● TASK OBJECTIVE
Write out exactly, and only, the lines below from the line with "50088-001: Upscaling Renewable" through the line with "The Innoviz team (Courtesy of Innoviz)"; pictures do not belong in the copy.

● PROVIDED DATA

--

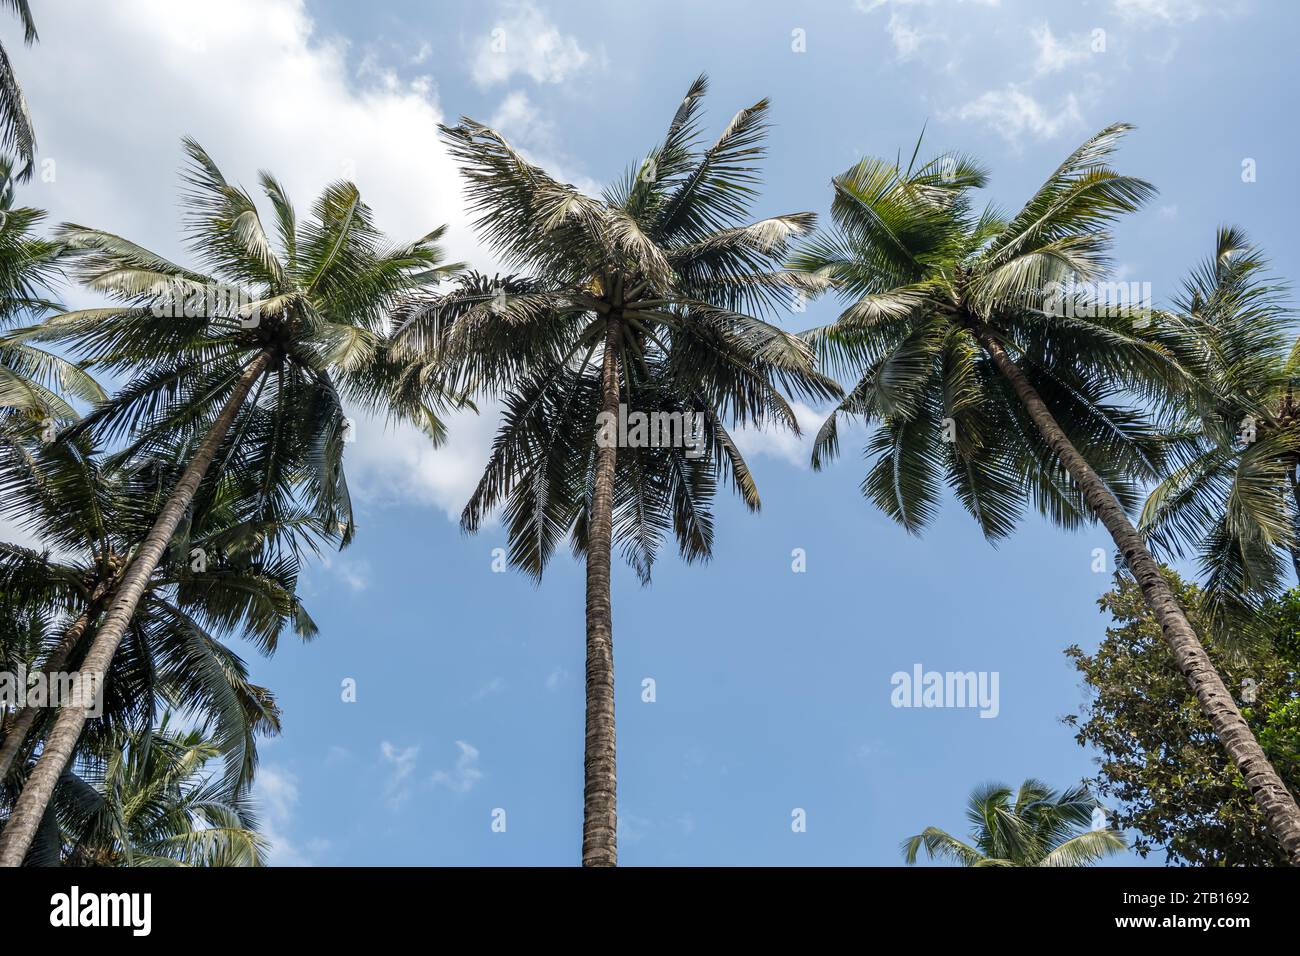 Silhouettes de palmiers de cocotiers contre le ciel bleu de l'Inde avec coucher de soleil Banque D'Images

--

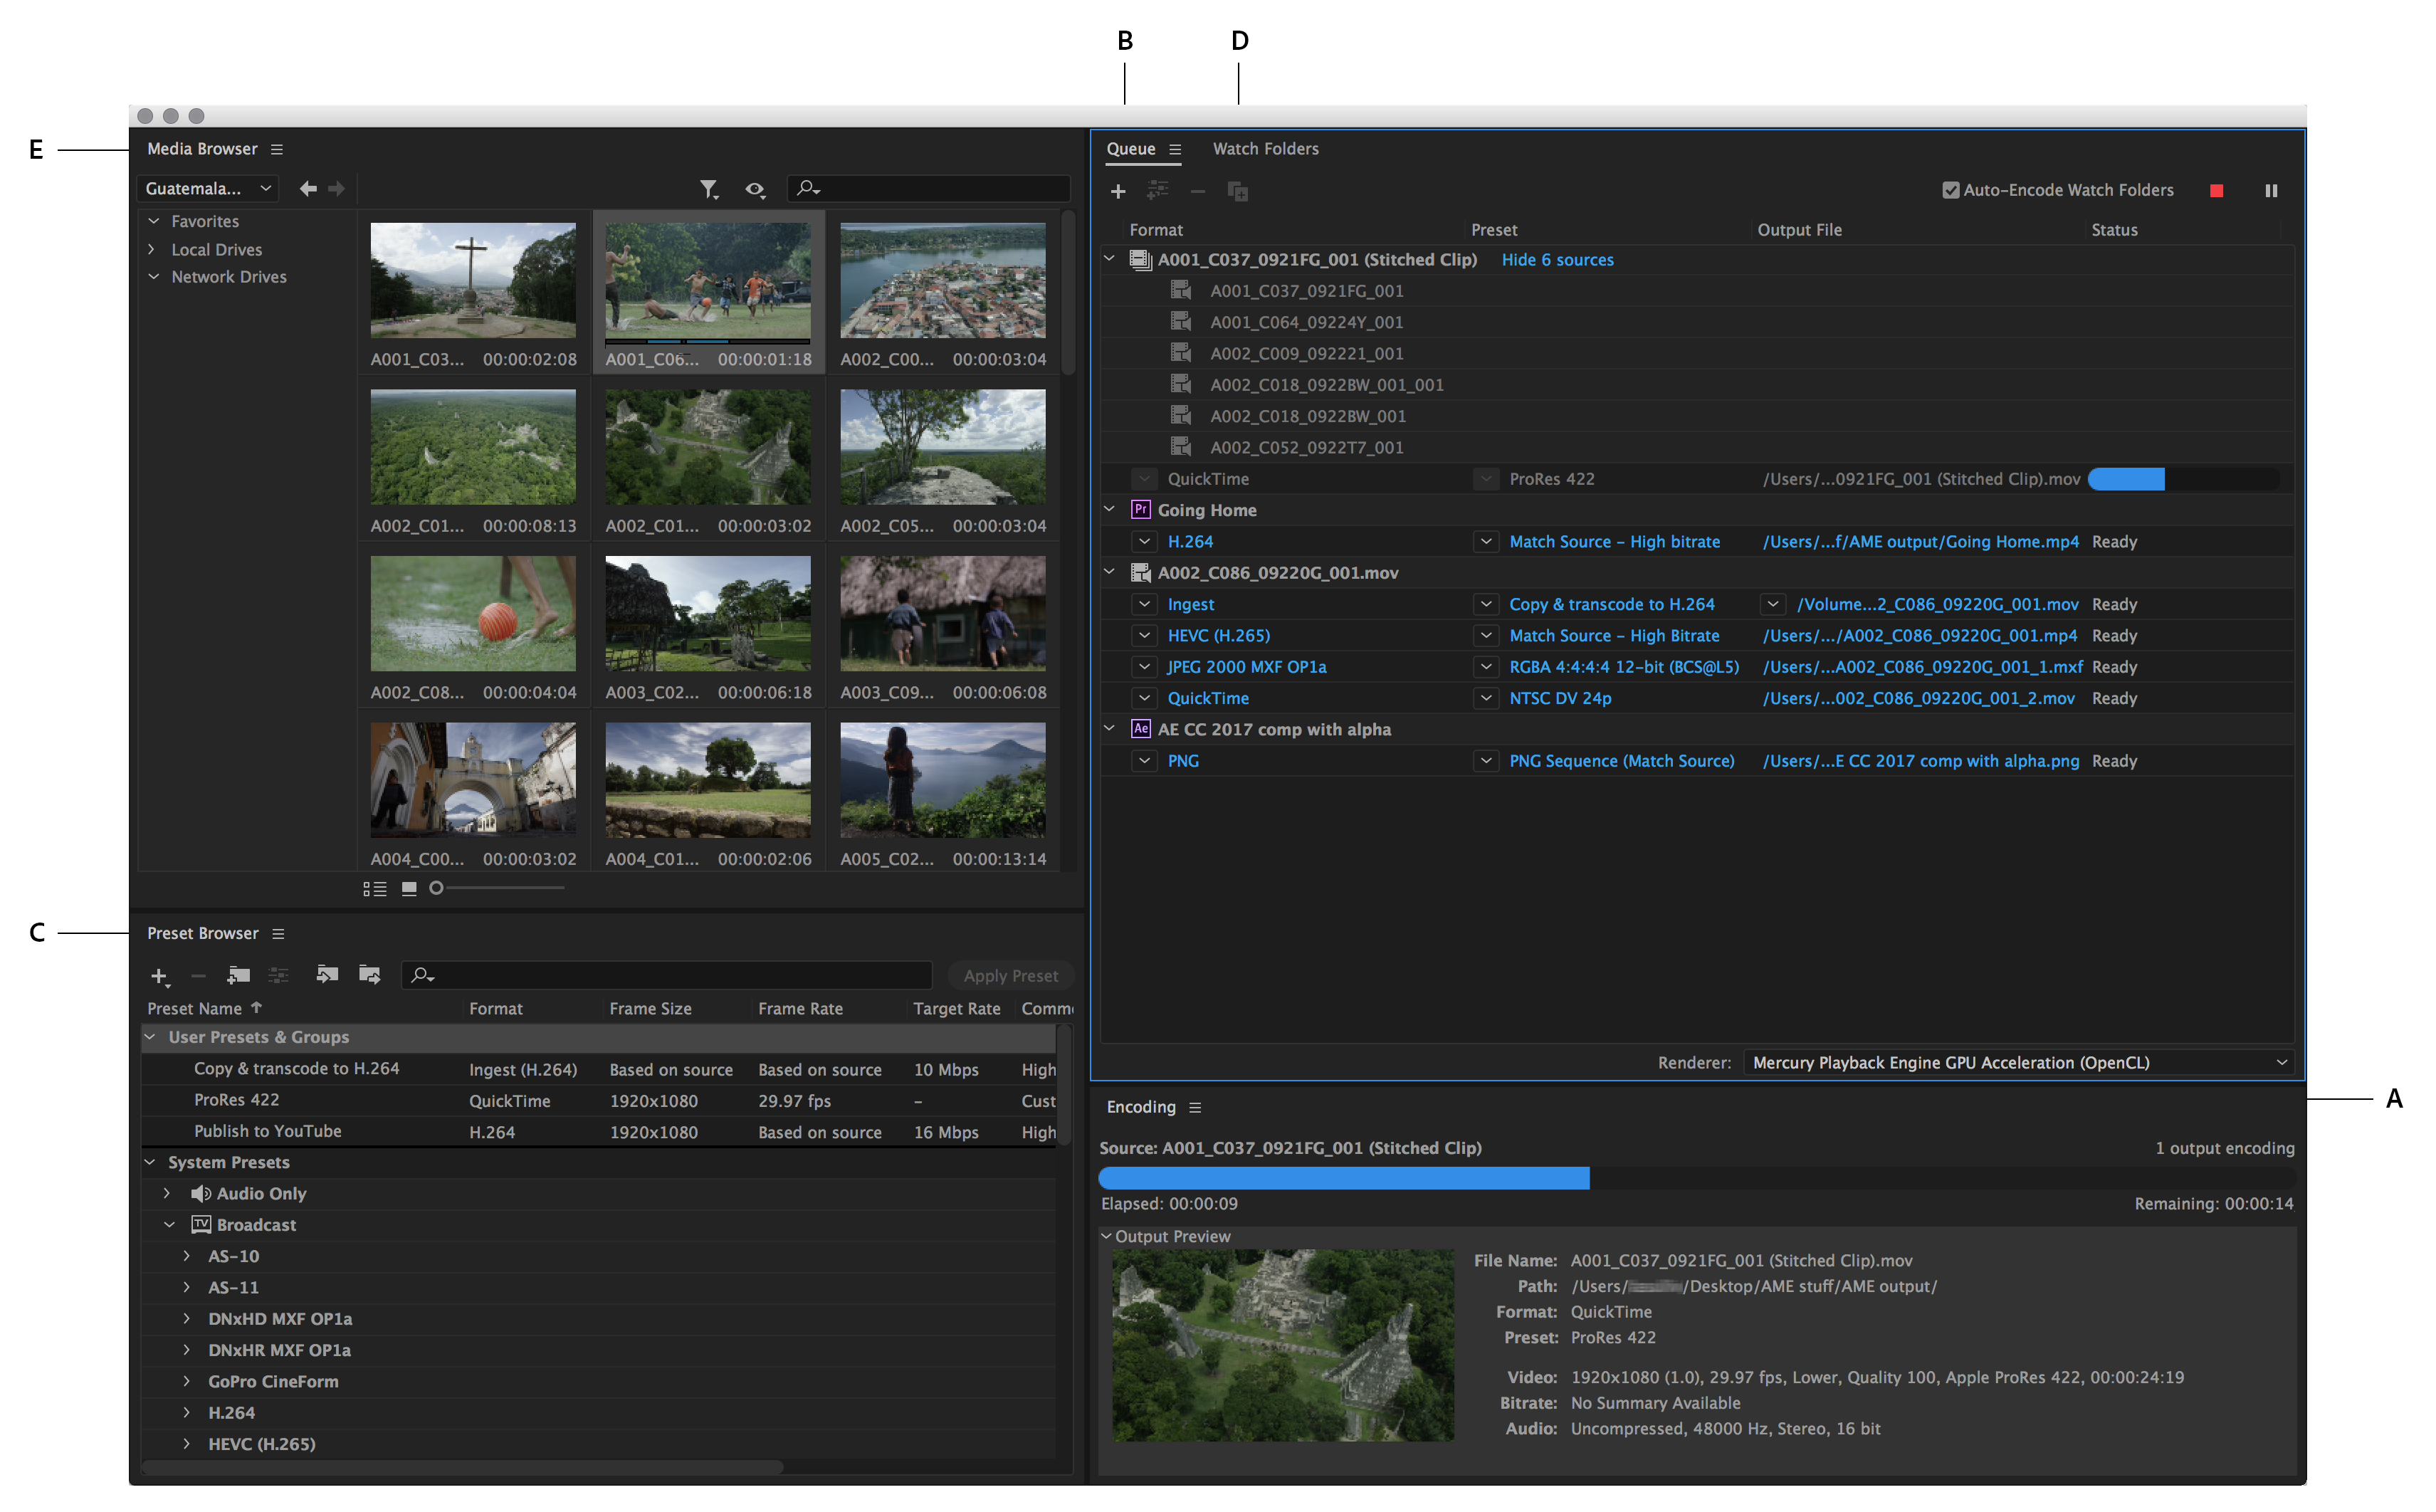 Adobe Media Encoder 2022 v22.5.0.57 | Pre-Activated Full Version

--

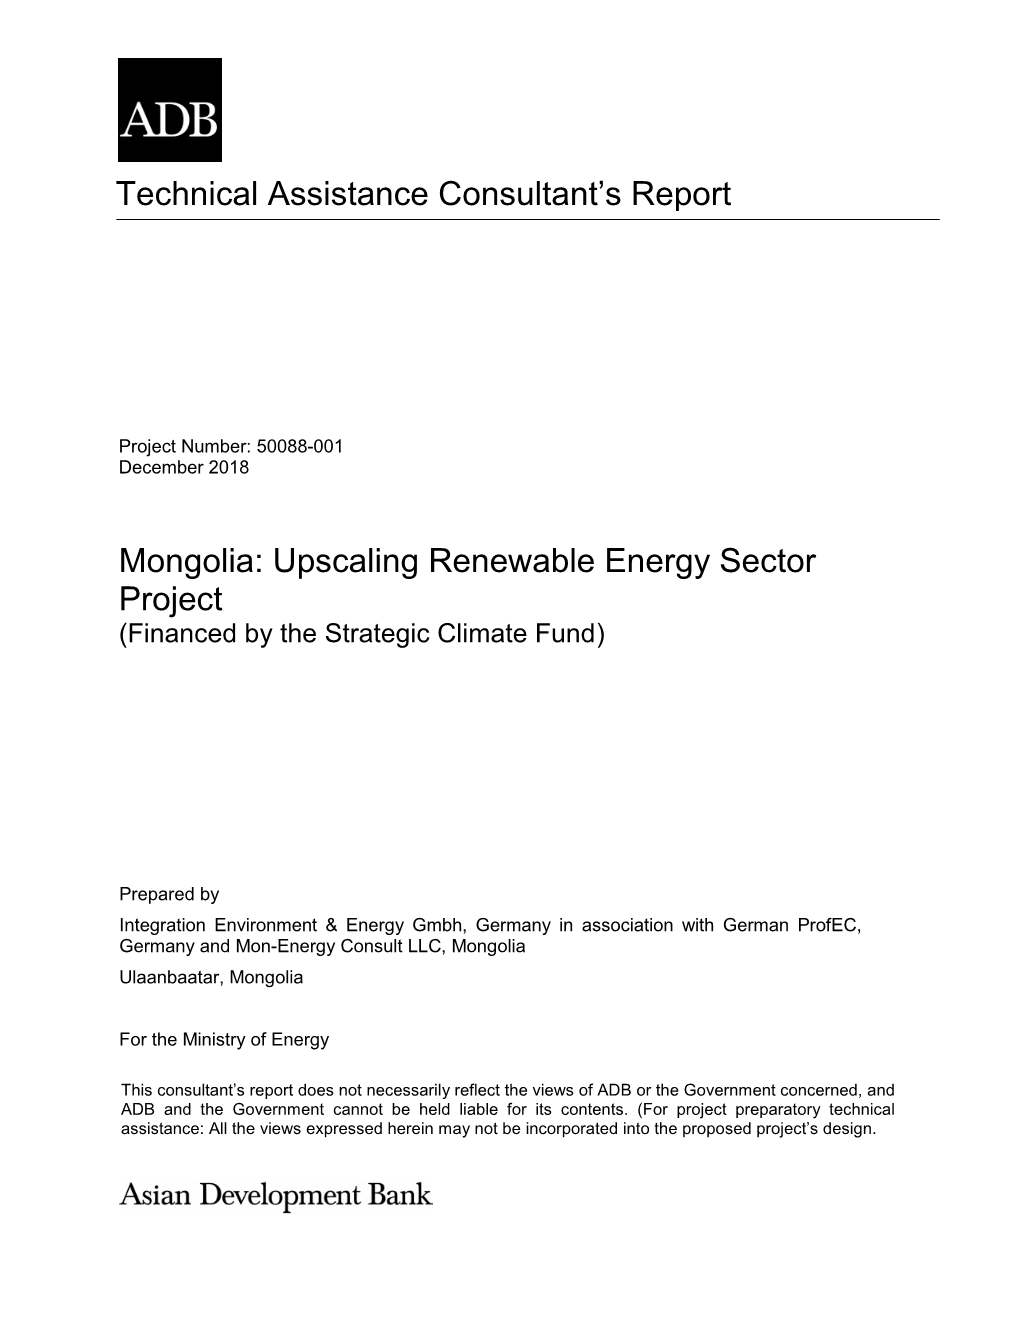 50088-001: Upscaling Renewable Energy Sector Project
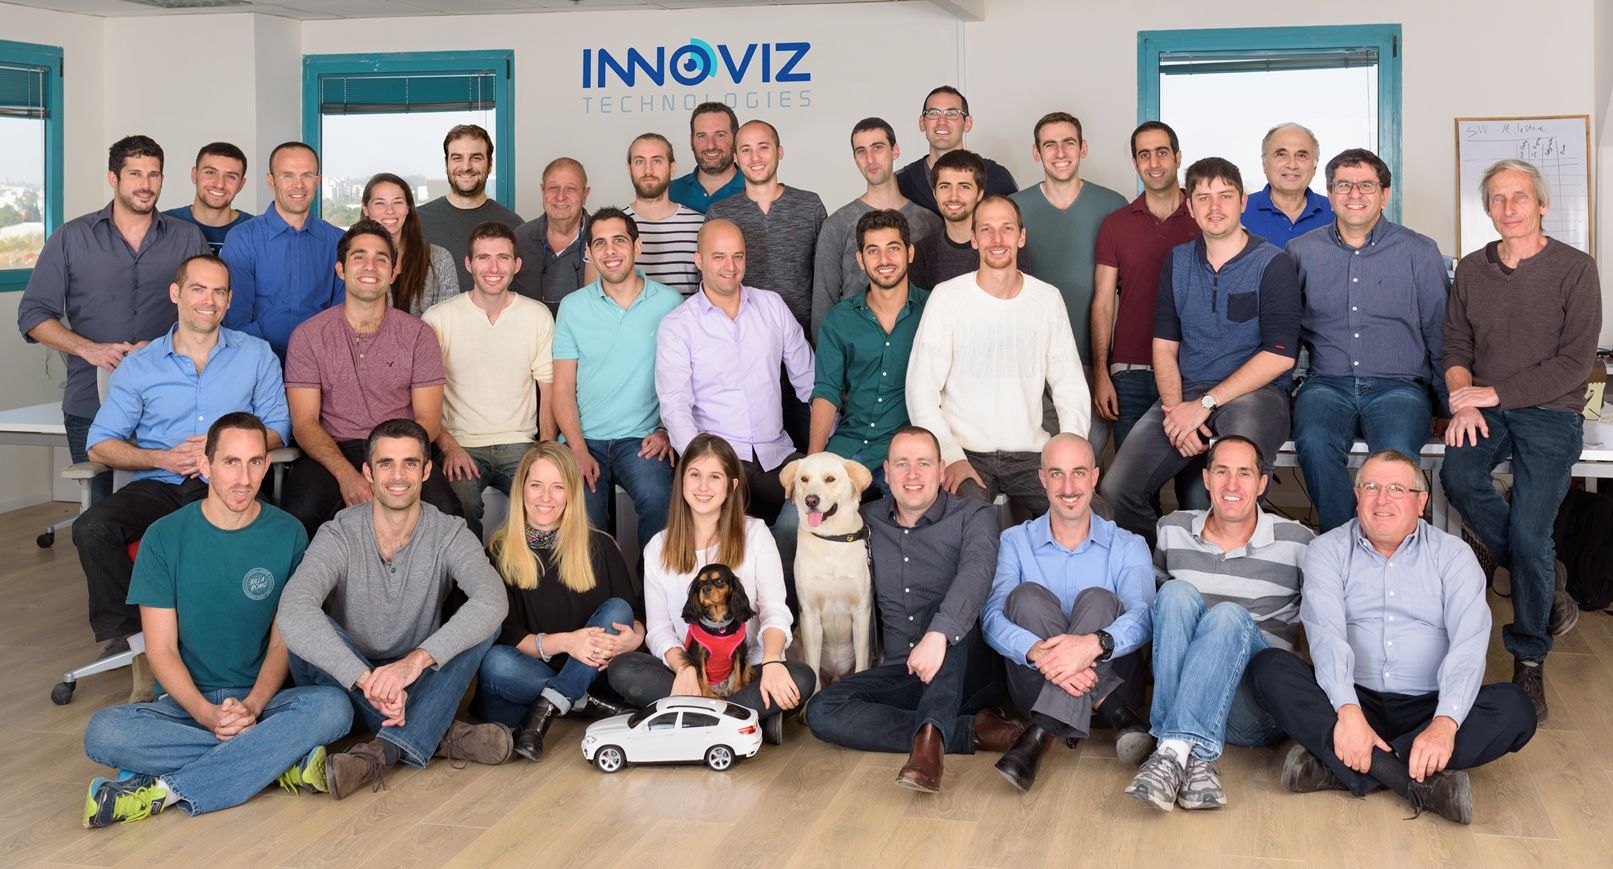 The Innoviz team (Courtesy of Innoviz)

--

● WRITTEN SOLUTION
 50088-001: Upscaling Renewable Energy Sector Project
 The Innoviz team (Courtesy of Innoviz)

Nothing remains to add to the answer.